- Information supplied:

+ + + +

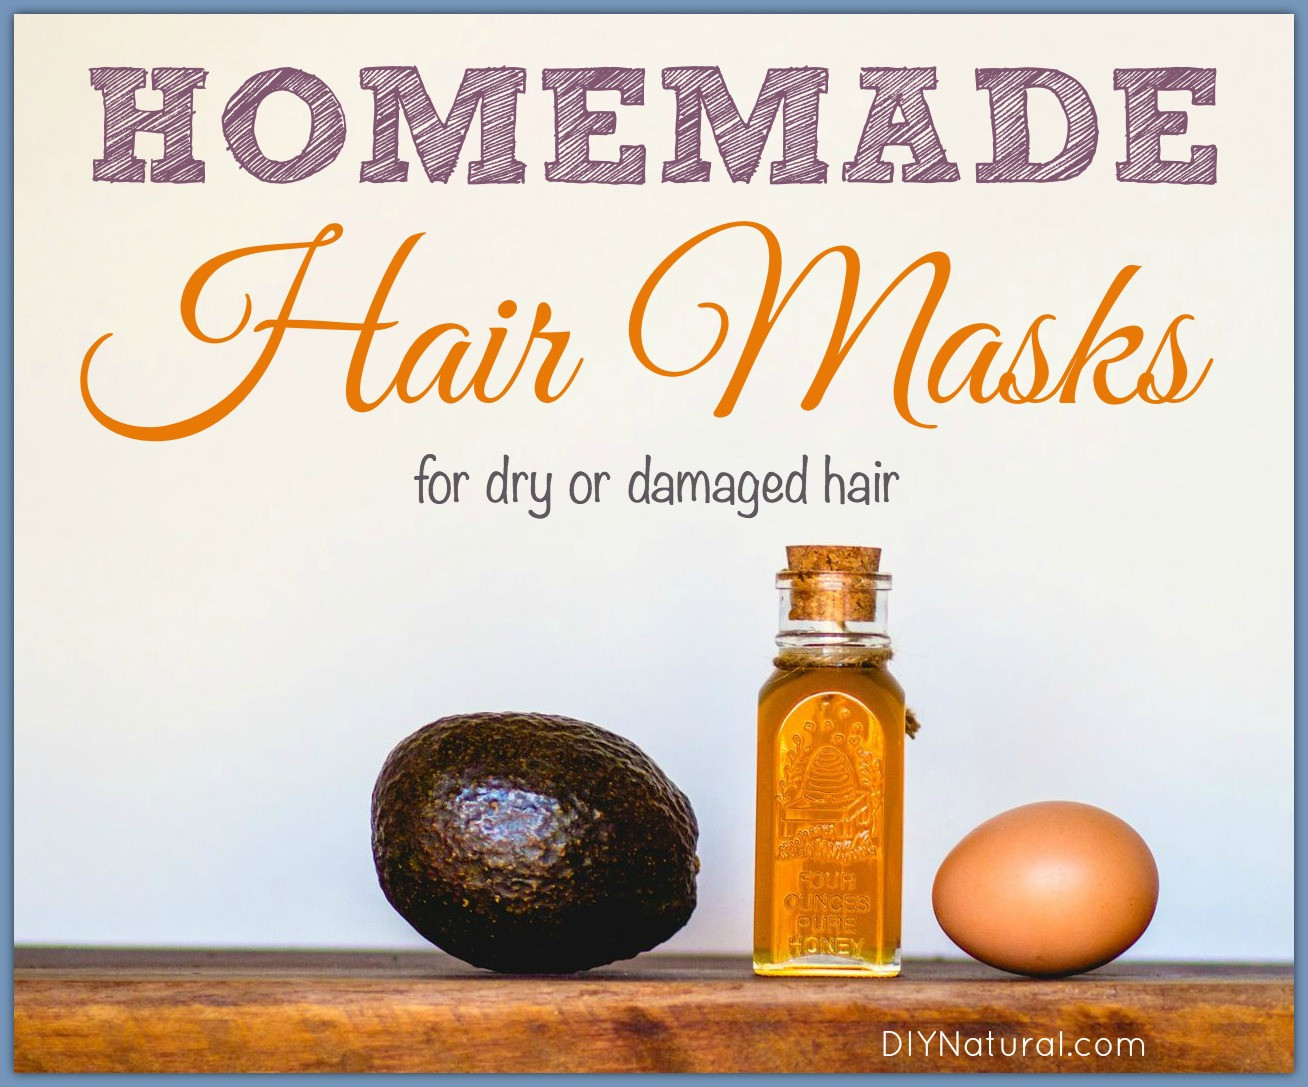 DIY Hair Masks For Dry Hair
 Homemade Hair Masks for Dry or Damaged Hair
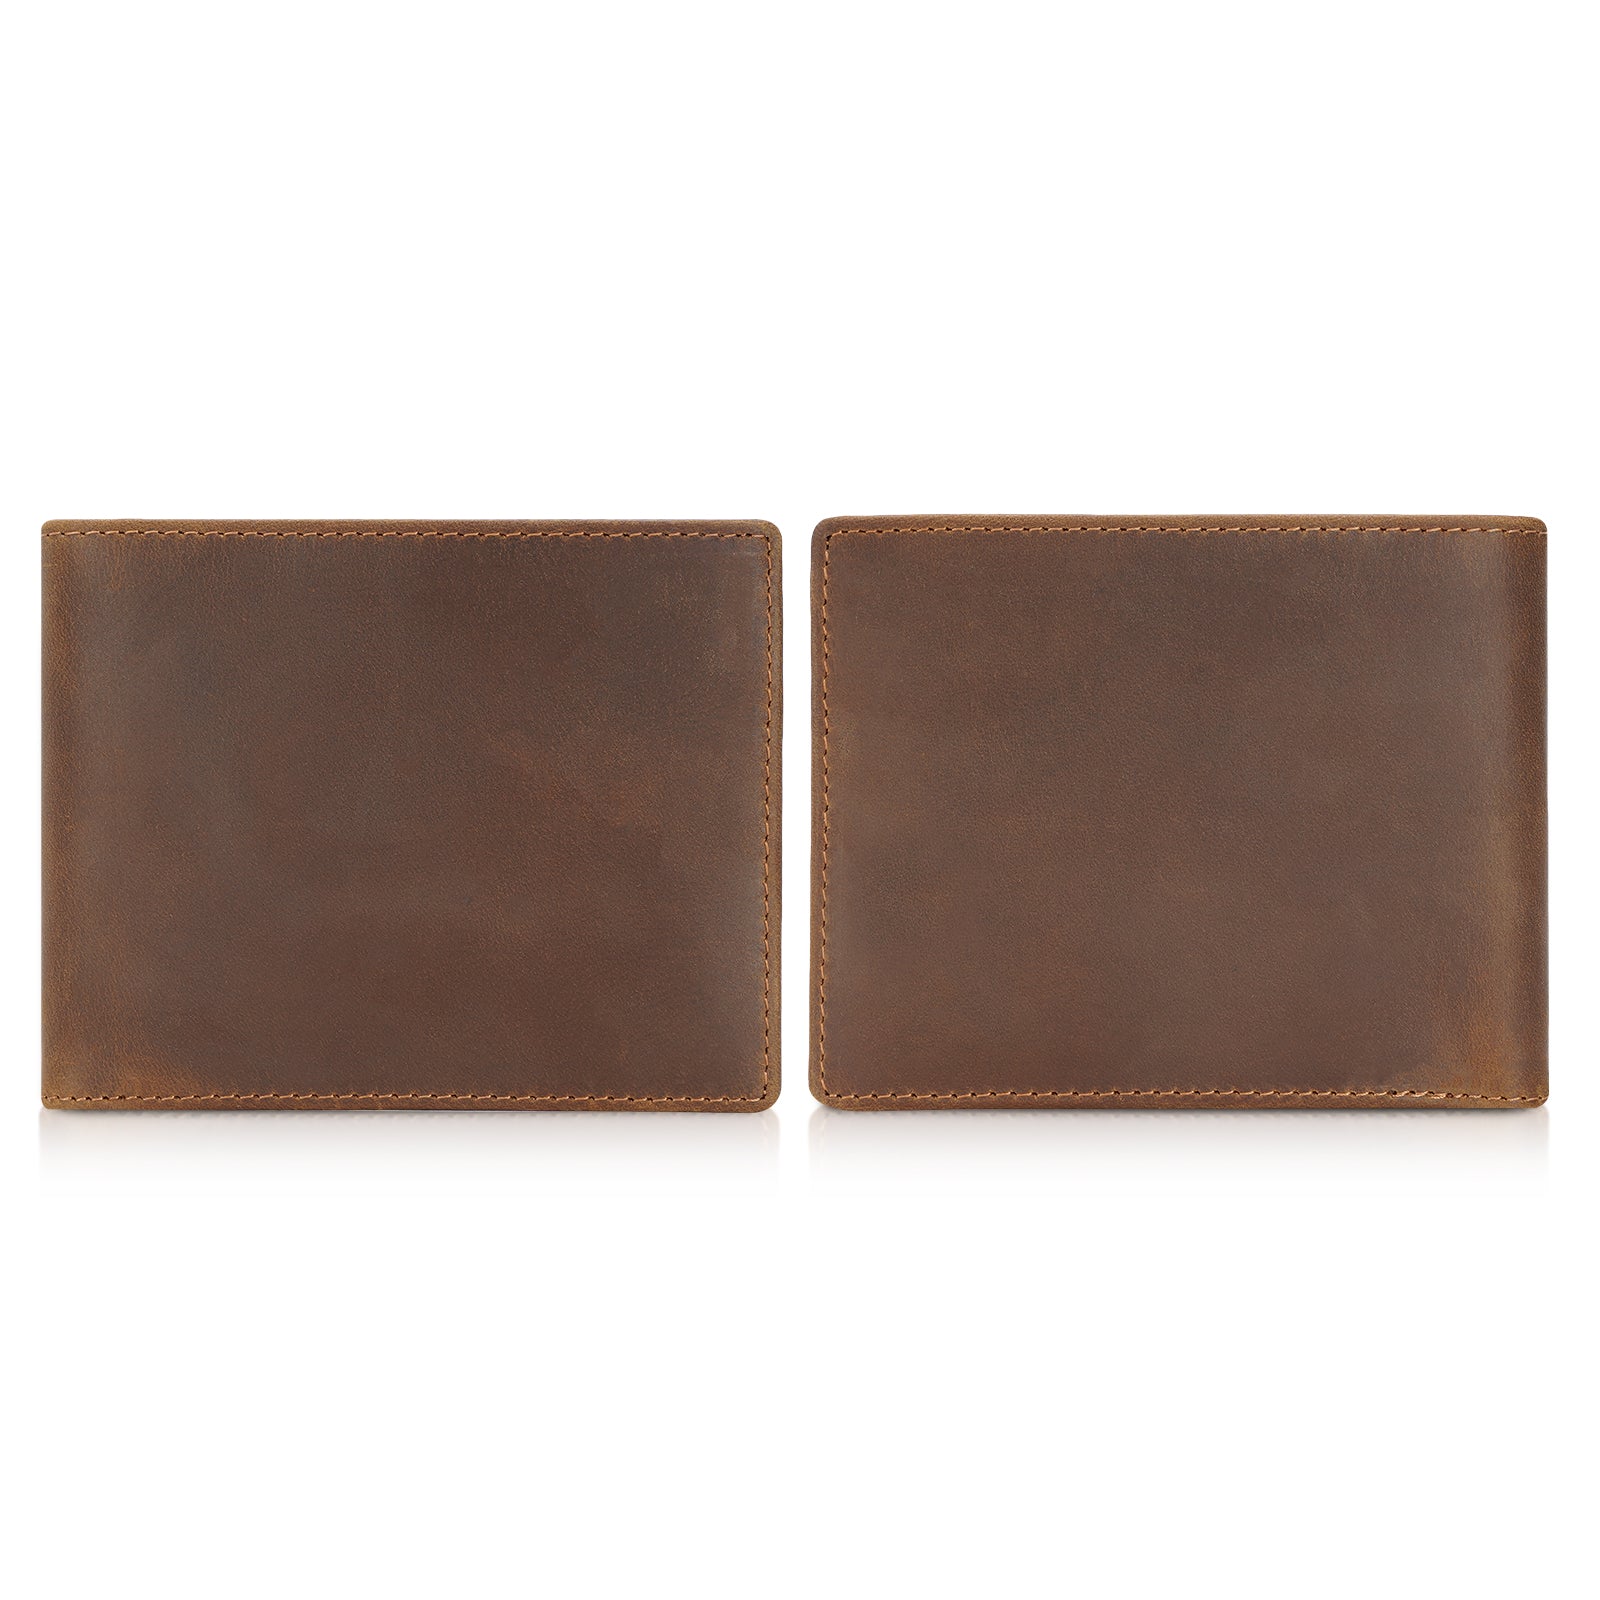 Polare Full Grain Leather Wallet For Men RFID Blocking Slim Billfold (Brown,Front/Back)

+ + + +

- Instructions to follow:
Omitting all pictures, restate word for word the lines from the one containing "Homemade Hair Masks for Dry or Damaged Hair" through the last line of the data.

- Response:
 Homemade Hair Masks for Dry or Damaged Hair
 Polare Full Grain Leather Wallet For Men RFID Blocking Slim Billfold (Brown,Front/Back)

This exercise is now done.